Mario and Claire have had a very positive reaction to their son. And at the back of their mind are recurring thoughts on whether or not to go through the adoptive process again, and possibly adopt a sister or brother for Steve.
“You might never know. But for the time being he is the son we’ve always wanted,” said Claire, bending down to pick him up.
“He is our Khmer prince,” added his father lovingly…
…A few days later, on an even colder and wetter morning, I made my way to another family home, where I was caught up with Jane and Charles, their five-year-old son Anthony and their latest arrival Frank. Frank is a nine-month-old boy who has been fostered by the family since September. He lives with the family and they take a lot of decisions which concern him. “We do not take decisions that will affect his life in four or five years’ time. We live day by day. We would like to go on holiday together, and had thought about going away over the Christmas period. However, getting a passport was going to be quite a hassle, so we’ve put it on hold for the time being,” she said.
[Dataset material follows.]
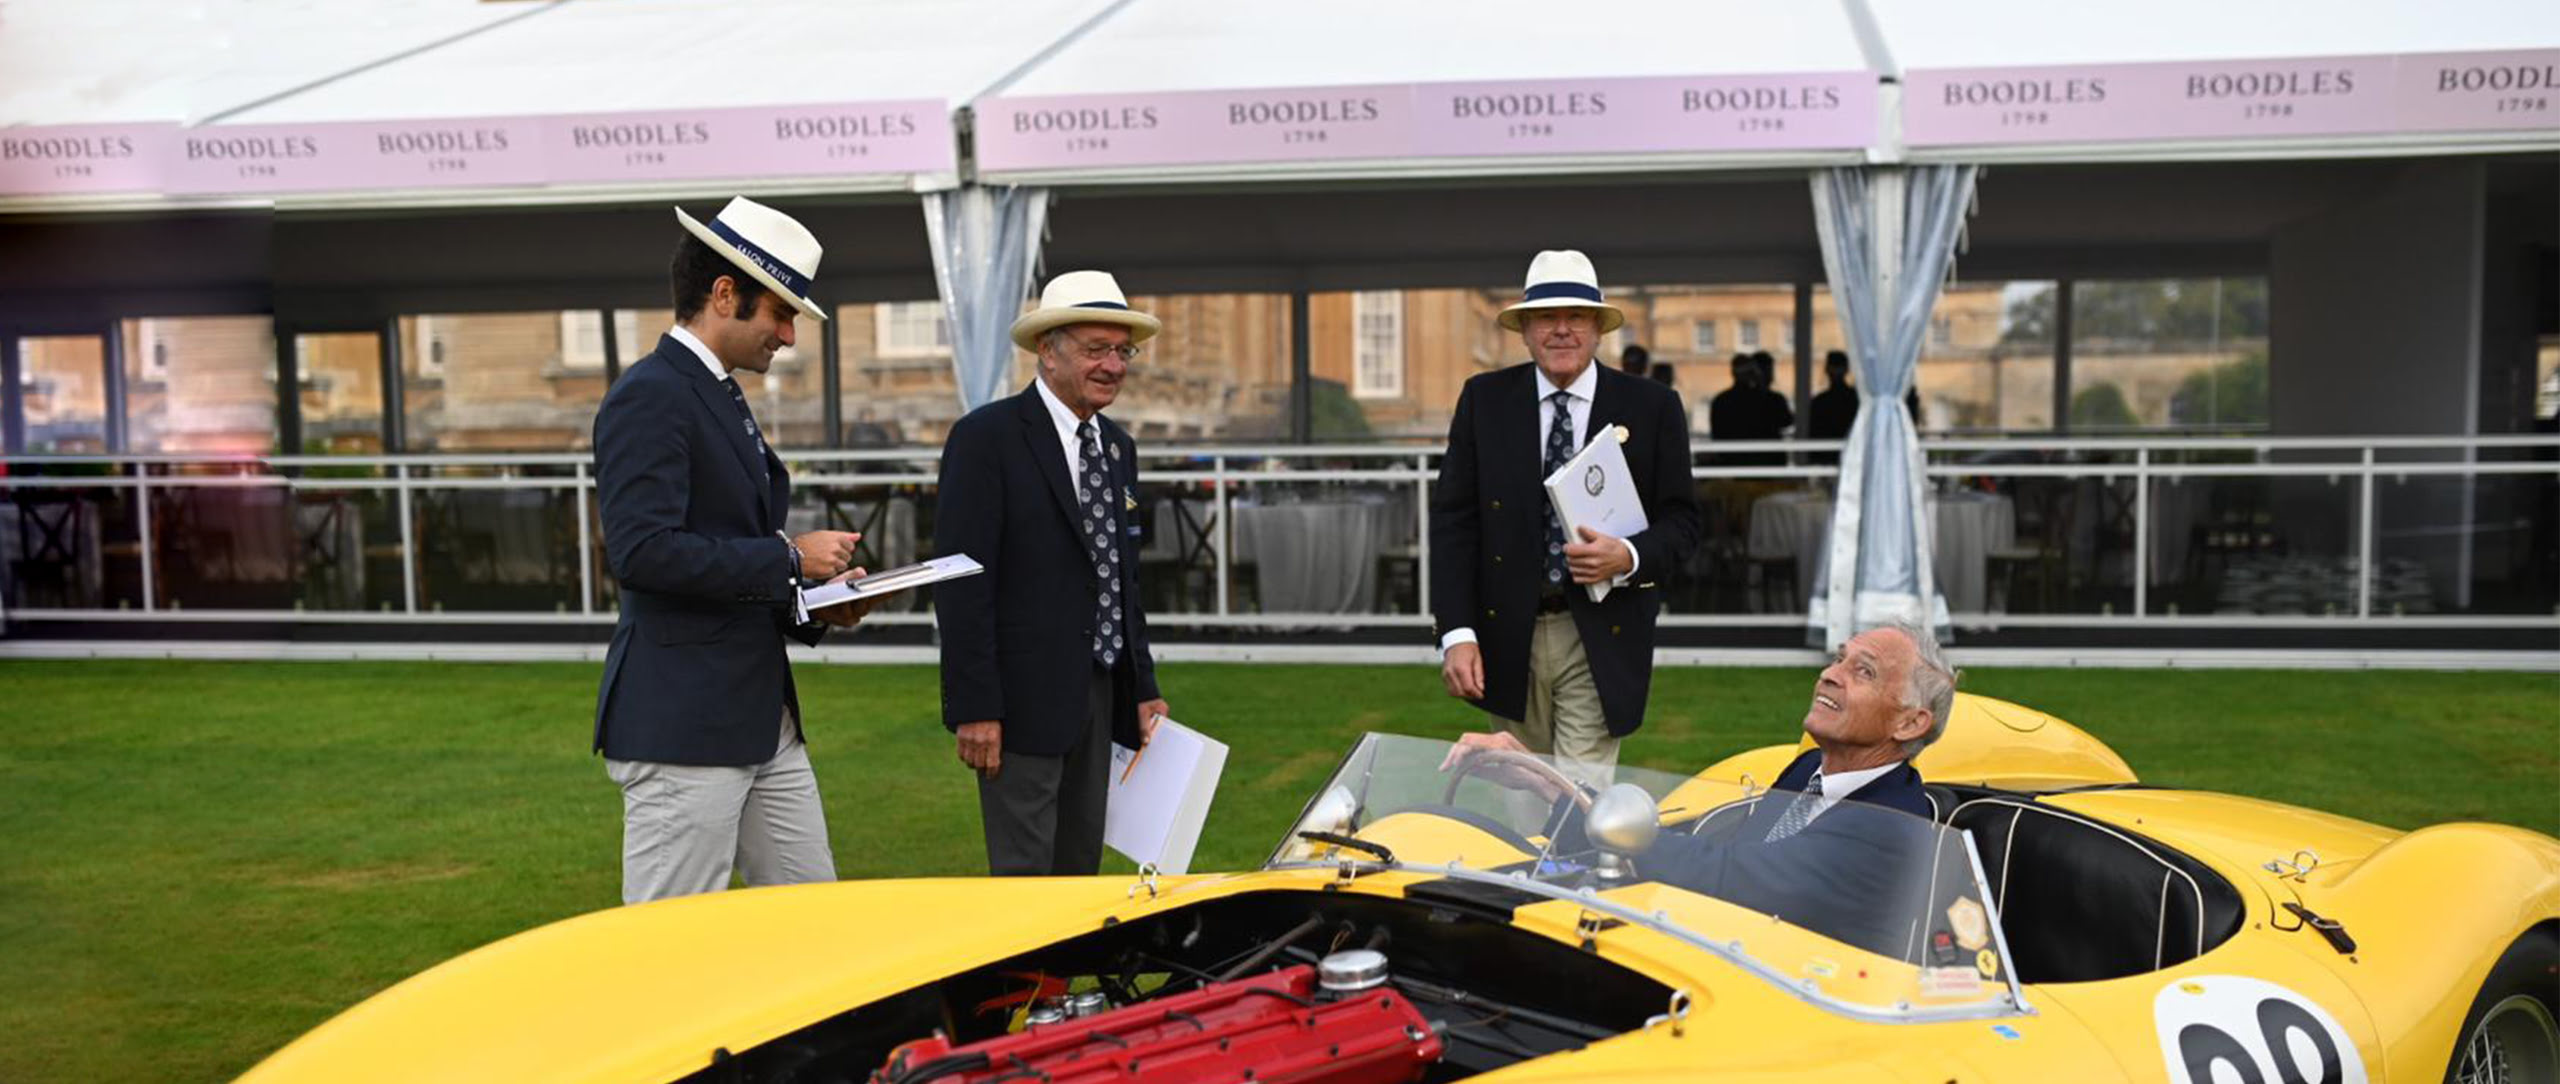 The Hybrid Judging experiment was tested successfully at Salon Prive image
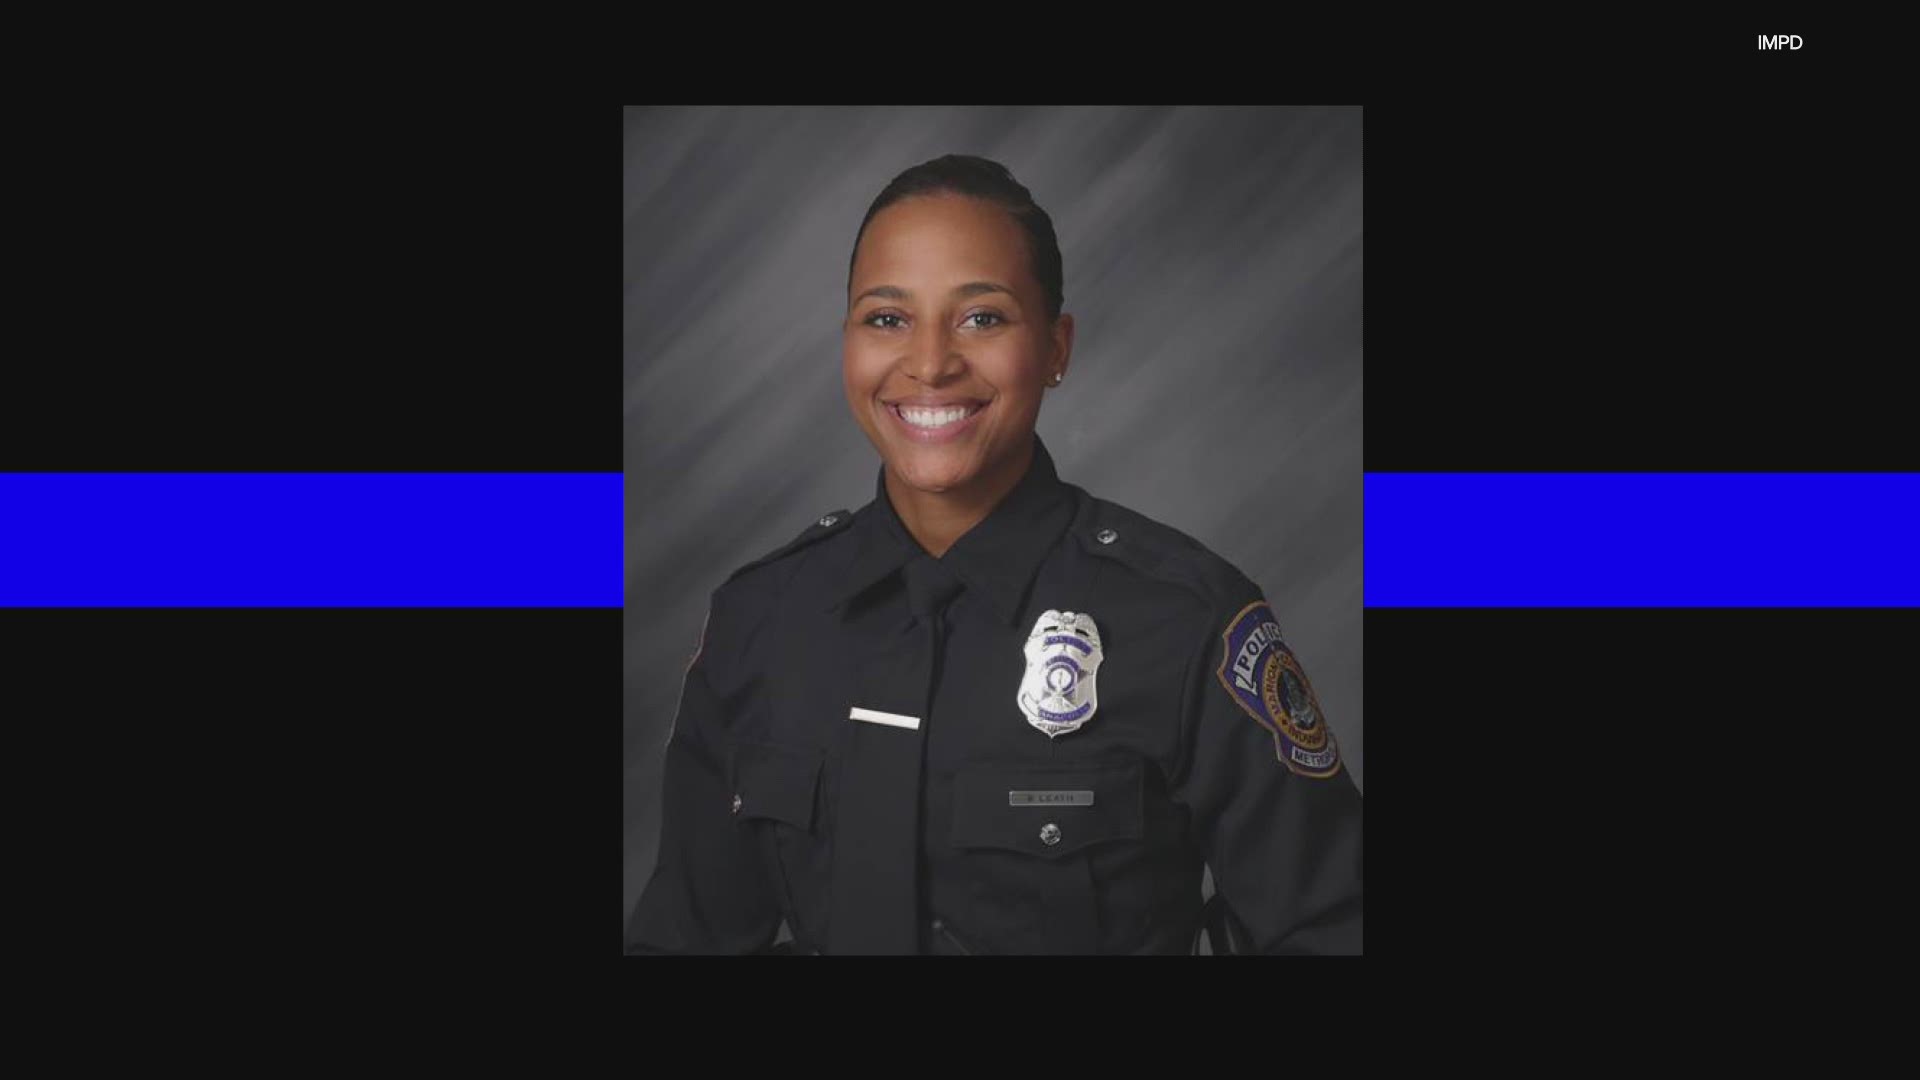 24-year-old Breann Leath was a mother, a military veteran and a well-respected Metro Police officer.

It was quite tough for the family to adjust to having Frank around. The first two weeks, he was constantly crying. He has since settled down although he still wakes up during the night a number of times.
“He is the centre of attraction. There’s a lot going for him at the moment. Everything is new for him, be it a walk in his pushchair, a trip to the supermarket, visiting relatives. He is being spoilt rotten and he likes the idea.
“He’s a very happy but demanding child. He seeks attention, because he has now realised that he is getting a certain particular attention from all of us. He likes going out, having baths and eating anything that’s edible. He hates confined tight spaces and socks. Only recently his first two teeth emerged,” said Charles, lifting Frank and hugging him close.
The family has already given Frank a welcome party. However, there is no doubt that more celebration is due over the coming weeks.
“We are planning to buy a new Christmas tree and should be putting up the decorations soon. We have not thought about what we are going to get him for Christmas, although we’re buying him things every single day,” the parents remarked.
I asked Anthony whether he would be getting Frank anything. After a while he said: “A photo book. He can then place all the photos in it and enjoy looking at them.”
Anthony had at first found it difficult to accept the situation of having somebody else taking the attention which had always been his. “We now try to give him time on his own with us,” said Jane, although Anthony is always on the lookout making sure Frank does not hurt himself.
“We can tell that until a few months ago, he was not brought up in a family. We are trying to remedy this and hope that the time he spends with us will have been well spent,” they said.
“We’re giving him as much of a normal life as possible, treating him as if he were our own. We hope to have him for as long a time as possible. It’s difficult knowing that you might have built a good relationship to then have him taken away from you.
“…Until then, we’ll take it day by day,” they all mused.
All names have been changed to protect identities.